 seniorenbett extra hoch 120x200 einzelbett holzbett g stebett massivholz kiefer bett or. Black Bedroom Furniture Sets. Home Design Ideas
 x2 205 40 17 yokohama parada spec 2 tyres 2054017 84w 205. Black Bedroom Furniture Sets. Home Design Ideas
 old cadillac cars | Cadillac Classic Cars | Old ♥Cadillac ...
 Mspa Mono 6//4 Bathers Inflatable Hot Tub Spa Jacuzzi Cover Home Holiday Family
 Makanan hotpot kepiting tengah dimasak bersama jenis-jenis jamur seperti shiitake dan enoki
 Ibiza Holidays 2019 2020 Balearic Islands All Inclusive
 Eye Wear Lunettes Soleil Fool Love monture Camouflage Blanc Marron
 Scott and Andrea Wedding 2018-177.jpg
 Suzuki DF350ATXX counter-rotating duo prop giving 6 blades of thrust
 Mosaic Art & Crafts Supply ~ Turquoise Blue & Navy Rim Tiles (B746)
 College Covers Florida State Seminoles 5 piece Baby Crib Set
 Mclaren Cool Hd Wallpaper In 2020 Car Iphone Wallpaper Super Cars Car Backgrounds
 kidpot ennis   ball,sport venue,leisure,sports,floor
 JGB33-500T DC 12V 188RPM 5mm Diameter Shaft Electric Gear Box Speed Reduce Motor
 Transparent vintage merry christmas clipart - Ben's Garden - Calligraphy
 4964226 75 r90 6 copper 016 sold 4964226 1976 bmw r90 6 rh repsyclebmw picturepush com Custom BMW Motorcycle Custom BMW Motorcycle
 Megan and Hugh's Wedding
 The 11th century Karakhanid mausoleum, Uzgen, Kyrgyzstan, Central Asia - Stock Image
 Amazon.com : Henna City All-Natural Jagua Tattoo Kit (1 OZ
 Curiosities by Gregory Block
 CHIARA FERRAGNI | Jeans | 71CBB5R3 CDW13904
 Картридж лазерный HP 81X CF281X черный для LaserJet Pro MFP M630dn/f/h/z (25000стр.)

**The task:** Restate word for word the entries above from the line with "Mclaren Cool Hd" through the line with "CHIARA FERRAGNI | Jeans | 71CBB5R3 CDW13904", inclusive, leaving out everything else.

**Solution to this problem:**
 Mclaren Cool Hd Wallpaper In 2020 Car Iphone Wallpaper Super Cars Car Backgrounds
 kidpot ennis   ball,sport venue,leisure,sports,floor
 JGB33-500T DC 12V 188RPM 5mm Diameter Shaft Electric Gear Box Speed Reduce Motor
 Transparent vintage merry christmas clipart - Ben's Garden - Calligraphy
 4964226 75 r90 6 copper 016 sold 4964226 1976 bmw r90 6 rh repsyclebmw picturepush com Custom BMW Motorcycle Custom BMW Motorcycle
 Megan and Hugh's Wedding
 The 11th century Karakhanid mausoleum, Uzgen, Kyrgyzstan, Central Asia - Stock Image
 Amazon.com : Henna City All-Natural Jagua Tattoo Kit (1 OZ
 Curiosities by Gregory Block
 CHIARA FERRAGNI | Jeans | 71CBB5R3 CDW13904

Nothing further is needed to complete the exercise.